City to Honor NYPD Legend Jack Maple with Richmond Hill Street Co-Naming

City to Honor NYPD Legend Jack Maple with Richmond Hill Street Co-Naming

PHOTO:  Last year, the city Police Department renamed the CompStat Room the Jack Maple CompStat Center in honor of the Richmond Hill native and crime-fighting strategy guru.

Queens is set to crown The Jackster.
On Monday, Sept. 21, city leaders and the Richmond Hill community will honor one of the most recognizable and impactful figures in the renowned 170-year history of the New York Police Department when it co-names 108th Street and Park Lane South “Jack Maple Place.”John Edward “Jack” Maple, who retired from the department as deputy commissioner for Crime Control Strategies, served in the first Bill Bratton NYPD administration (1994-’96). He is widely credited with creating and developing what is now known as CompStat, the crucial law-enforcement strategy tool the NYPD uses to track patterns and proactively fight crime.

Last year, the CompStat room at 1 Police Plaza was renamed the Jack Maple Compstat Center.

“A visionary, an innovator and a great police leader, Jack Maple changed the face of policing in New York and America,” Police Commissioner Bratton said. “In a time when conventional wisdom proclaimed that police could not affect crime, Jack Maple knew better and proved it wrong. His vision of a safe city is our reality today.”

Legendary police reporter Leonard Levitt told The Forum that it wasn’t just the homburg hats, bow ties, and two-toned shoes that made the man who liked to call himself The Jackster stand out above the fray.

“He was a true original and iconoclast. He lived and breathed the Police Department, and lived for fighting crime and the bad guys,” Levitt said of Maple, who died of colon cancer in 2001 at the age of 48. “Losing him at such an early age was tragic not only for him and his family but for the citizens of New York City.”

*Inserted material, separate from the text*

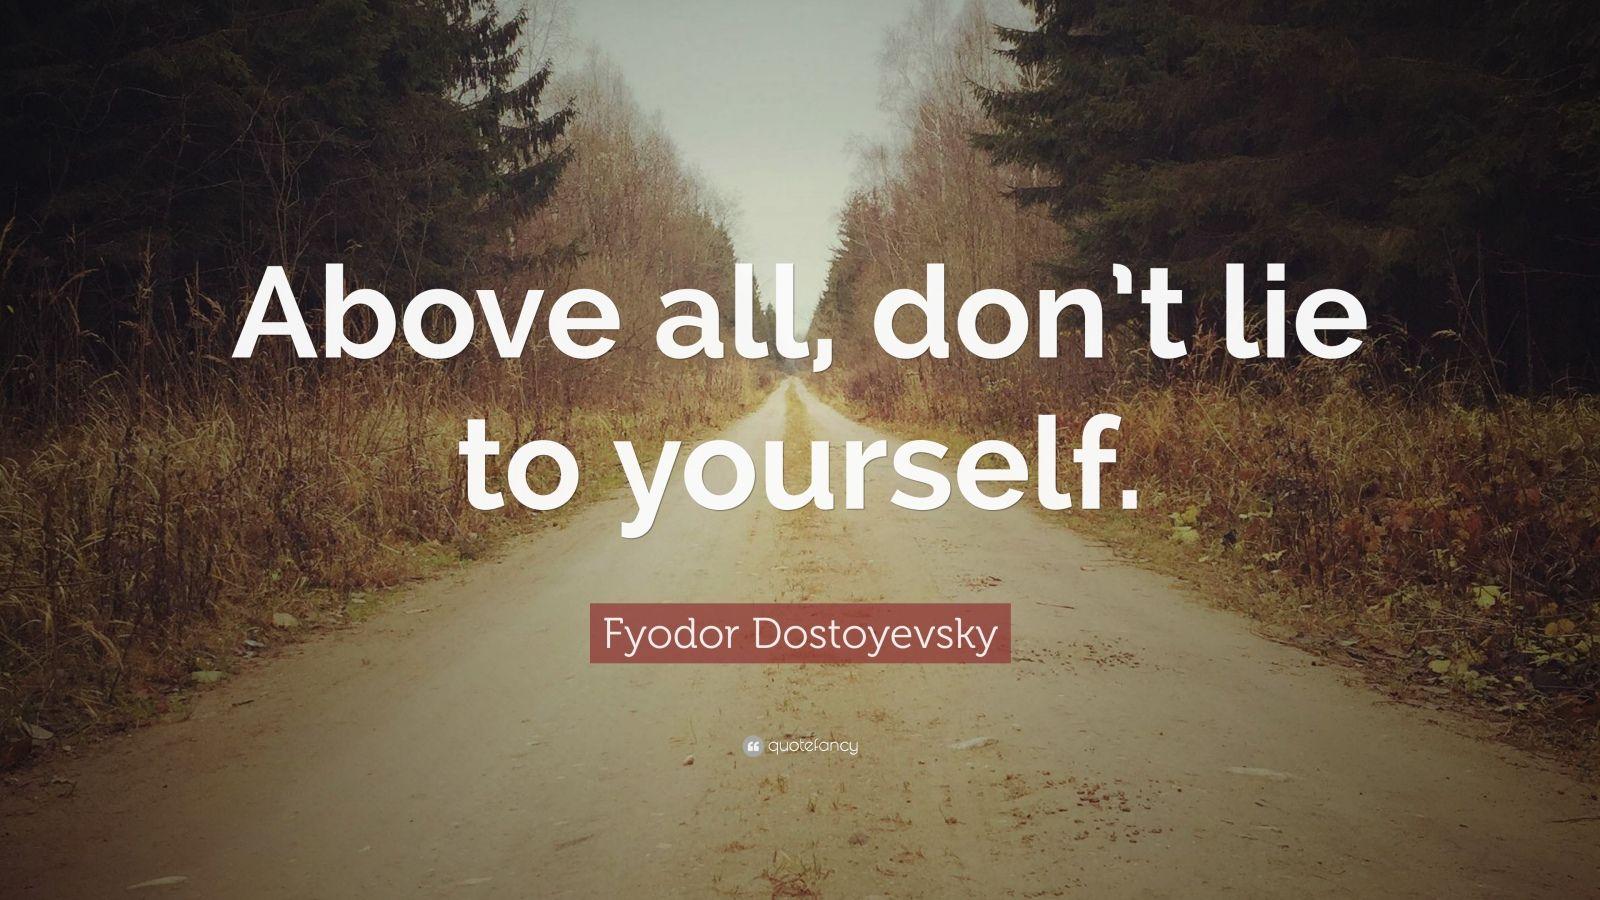 Fyodor Dostoyevsky Quotes 100 Wallpapers Quotefancy

The son of a postal worker and a nurse, Maple attended Brooklyn Technical High School, but dropped out before his senior year to sign on as a trainee with the Transit Police. He would eventually get his General Educational Development diploma.

At 27, Maple became the youngest detective in the Transit Department, according to The New York Times. It was at Transit that Maple and Bill Bratton crossed paths, when the latter was named chief of the force in 1990. And it was during their time together at Transit that Maple would show Bratton his colored push-pin-based crime mapping system—the rudimentary predecessor to the computer-generated CompStat of today.

In his book, “NYPD Confidential: Power and Corruption in the Country’s Greatest Police Force,” Levitt characterized Maple as an outsider who had been “brought in with a mandate that was nothing less than to change the way the NYPD did business.”

His revolutionary mapping strategy did just that.

In true outsider fashion, “Maple,” Levitt wrote, “had jotted down his four CompStat precepts—accurate and timely intelligence, rapid deployment of forces, effective tactics, and relentless follow-through—on a napkin at Elaine’s,” the now-shuttered Upper East Side bar and restaurant that attracted prominent New Yorkers.

But Jack Maple’s department legacy isn’t simply patterns and numbers. It’s also working tours at the 75th Precinct in Brooklyn. His son, Brendan, 25, graduated from the Police Academy in July.